Please write out the entire listing below exactly, excluding its pictures.

• **Raw data**
#####
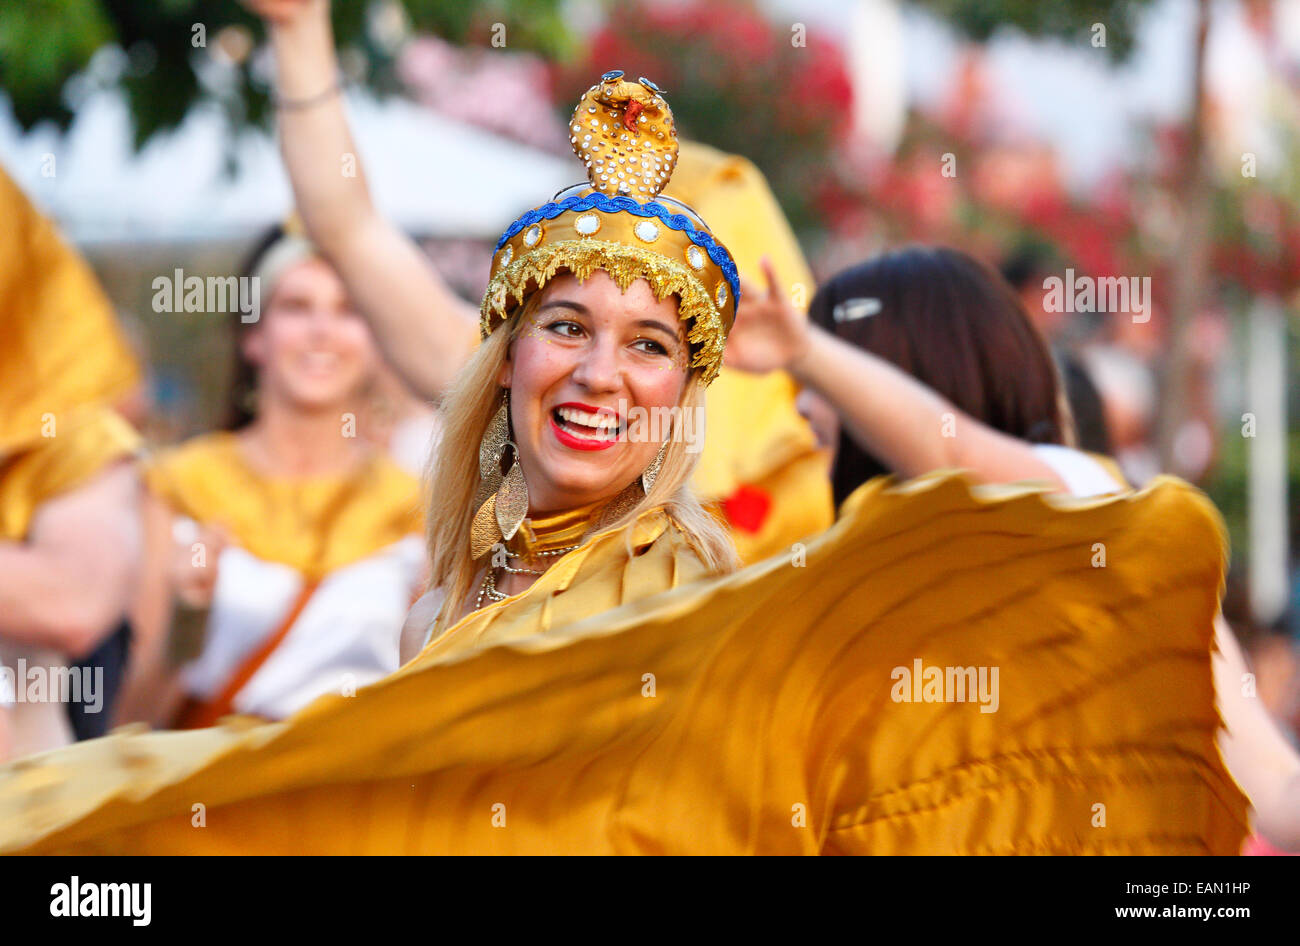 Carnival at Novi Vinodolski, Croatia Stock Photo
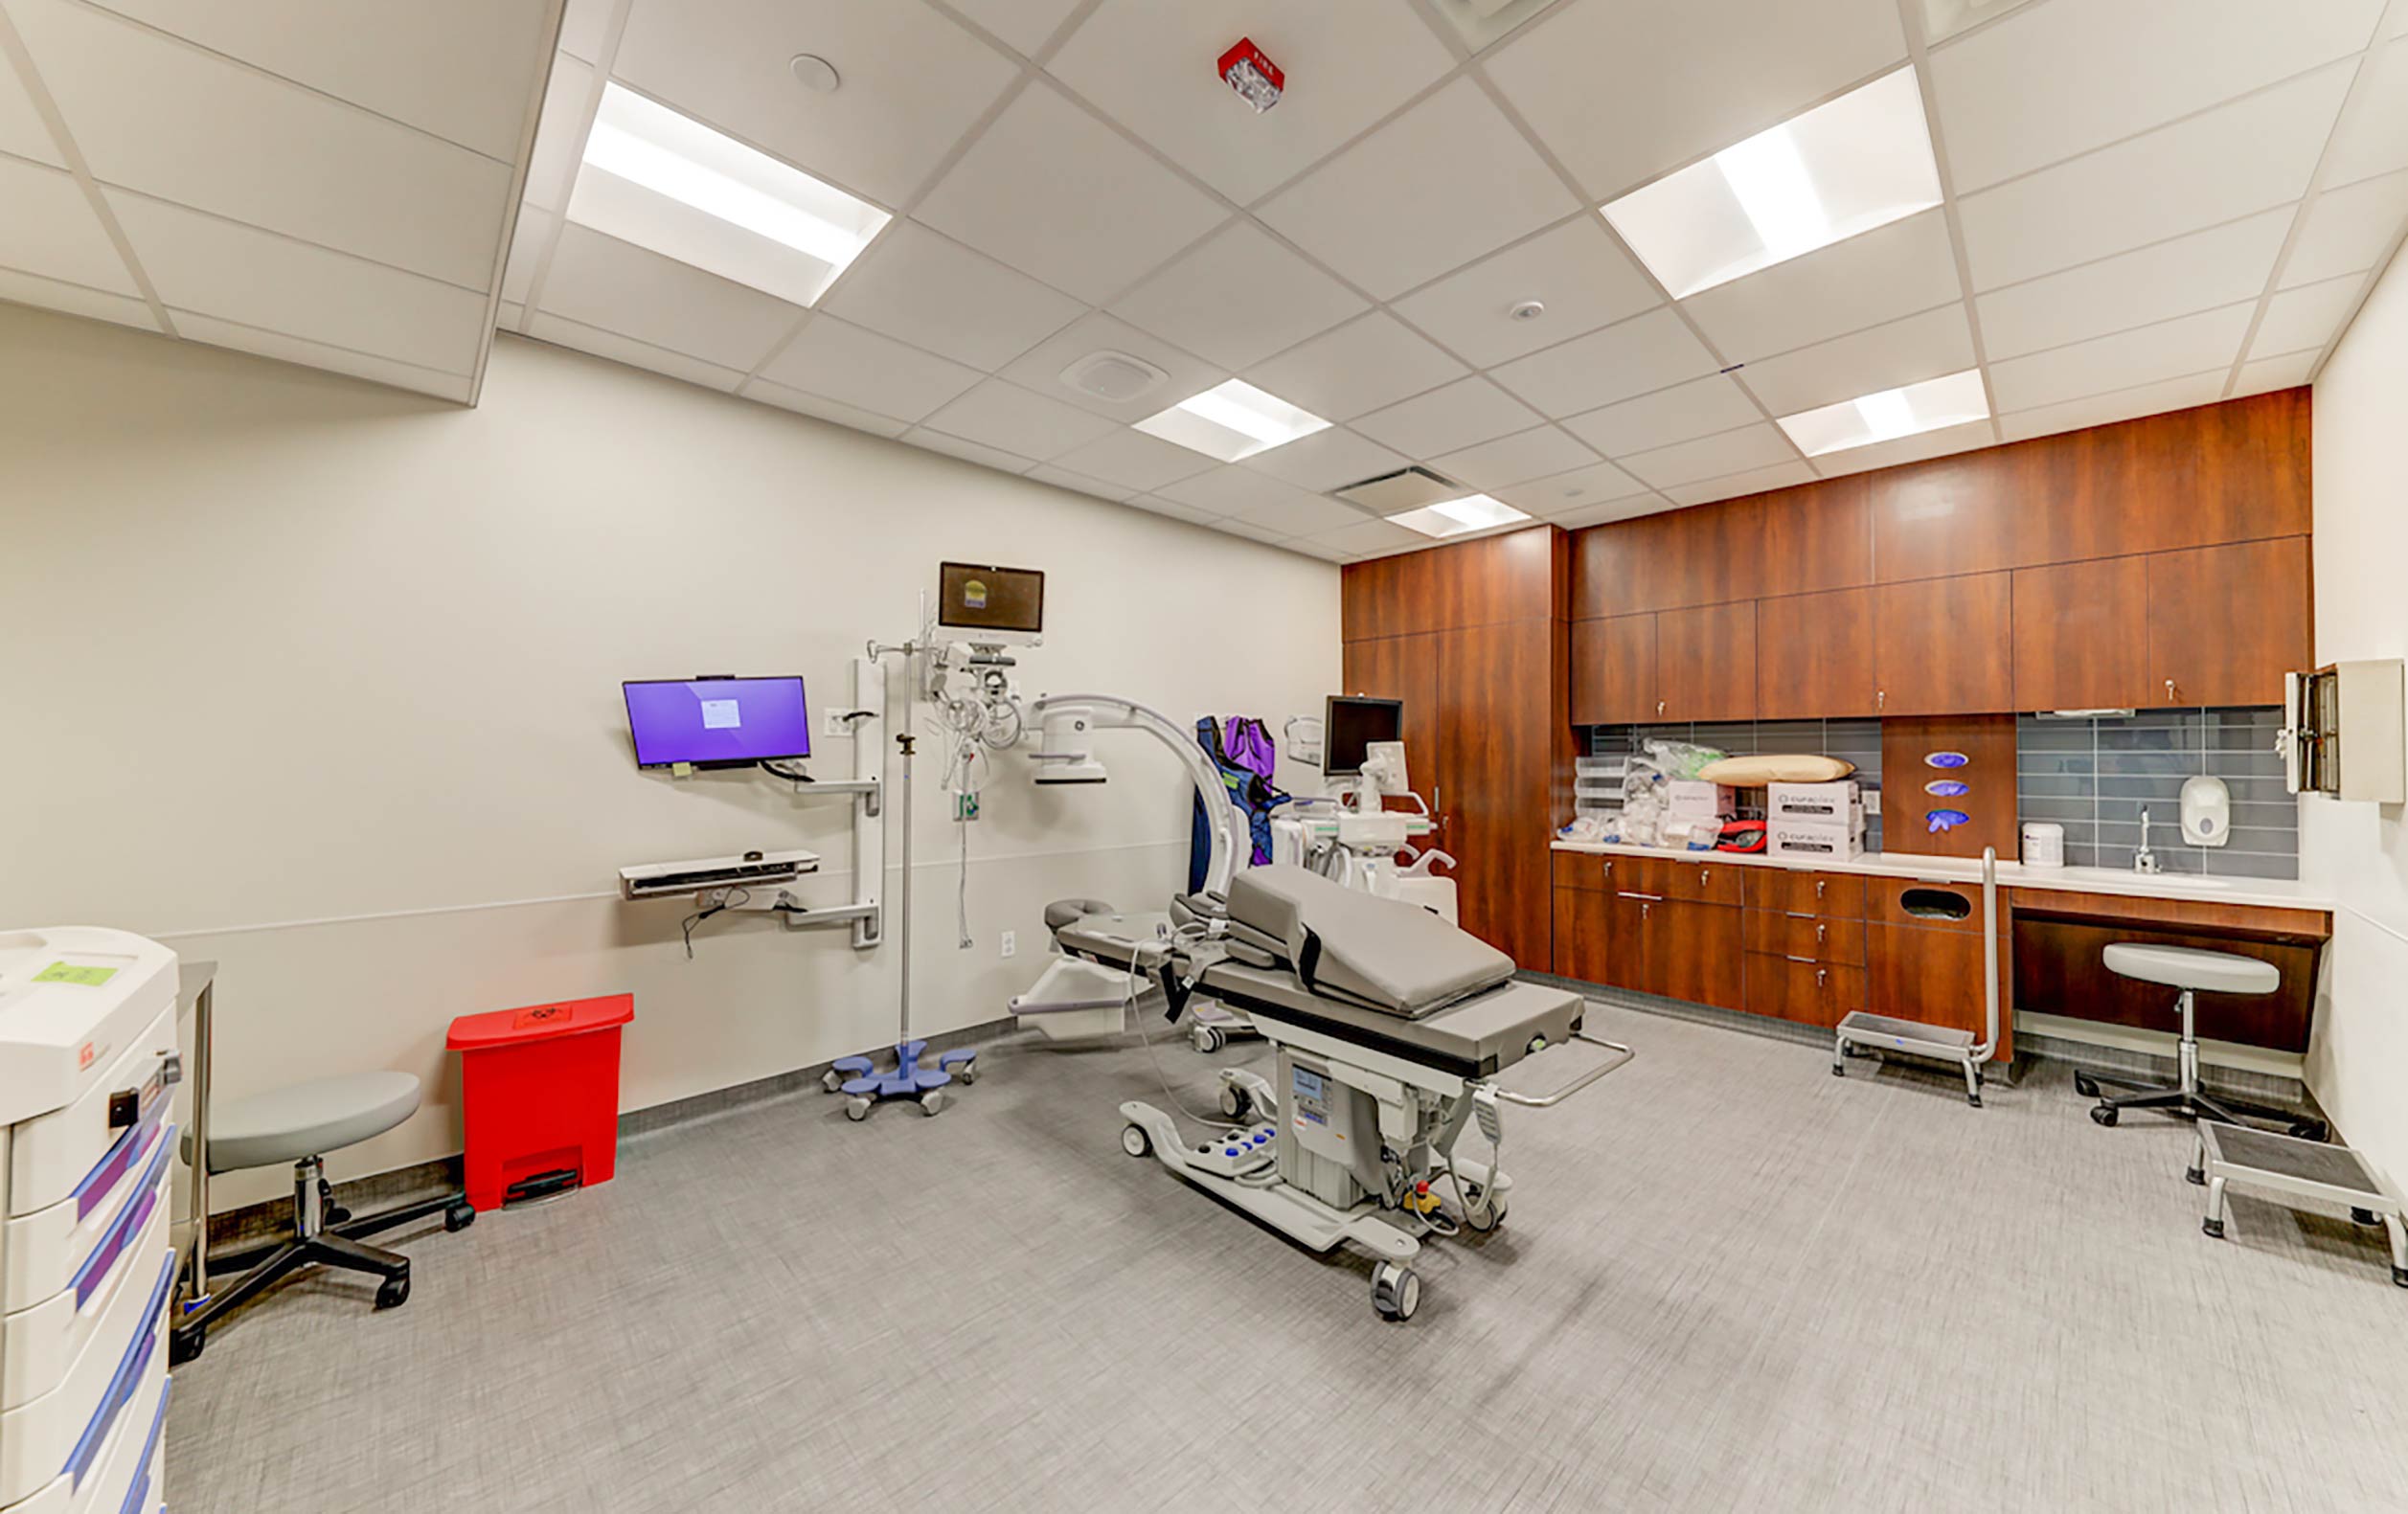 C-arm machine in medical suite
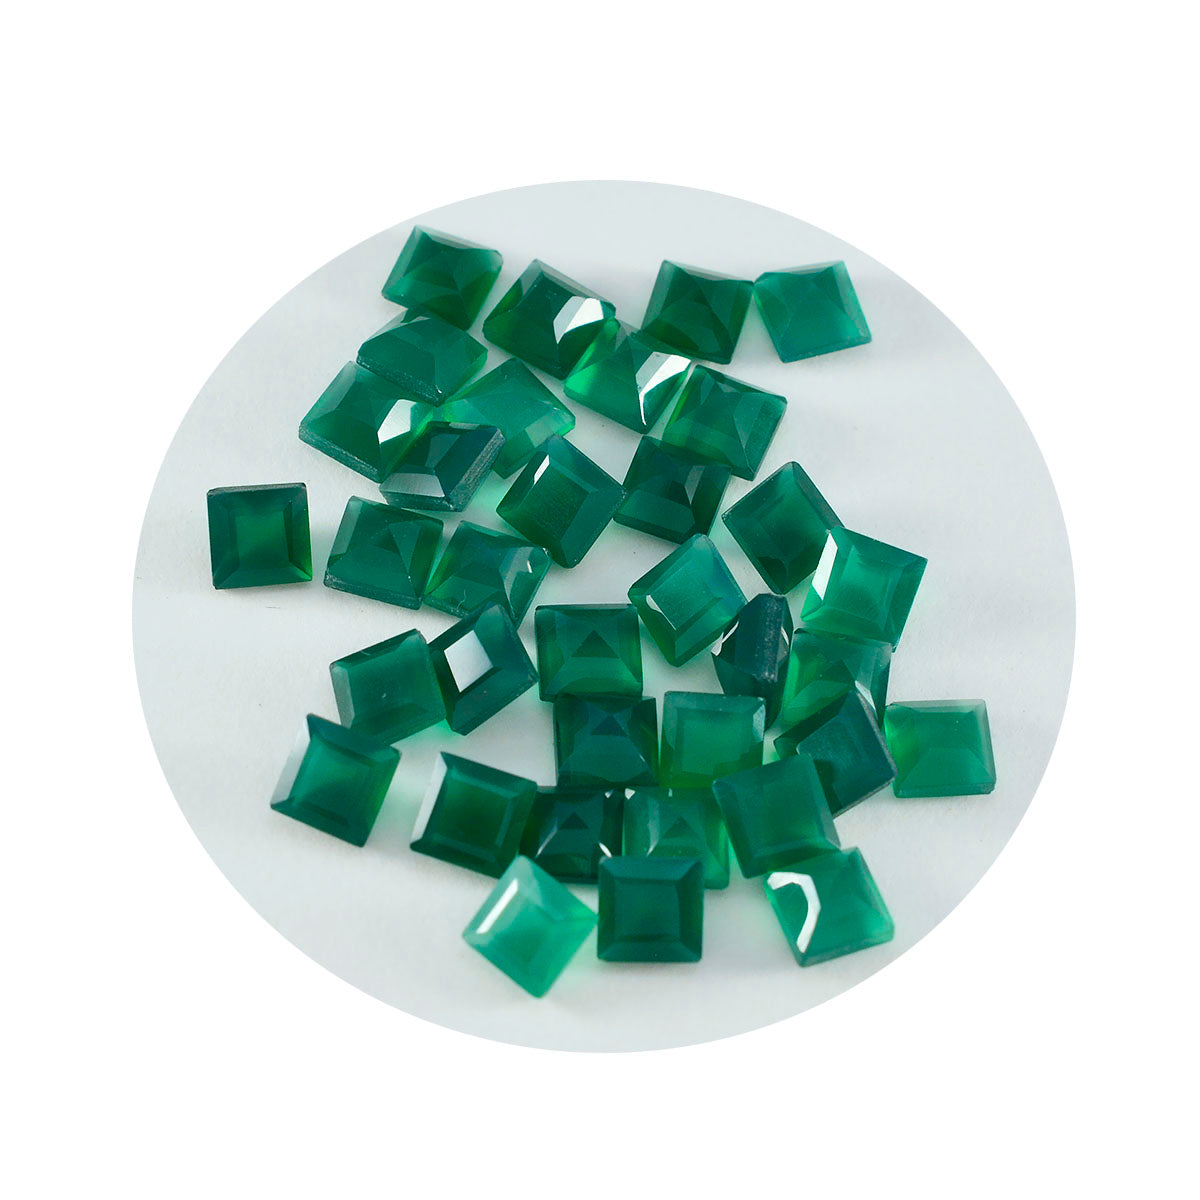 Riyogems 1 Stück echter grüner Onyx, facettiert, 5 x 5 mm, quadratische Form, gut aussehender, hochwertiger loser Edelstein
#####
• **Expected answer**
 Carnival at Novi Vinodolski, Croatia Stock Photo
 C-arm machine in medical suite
 Riyogems 1 Stück echter grüner Onyx, facettiert, 5 x 5 mm, quadratische Form, gut aussehender, hochwertiger loser Edelstein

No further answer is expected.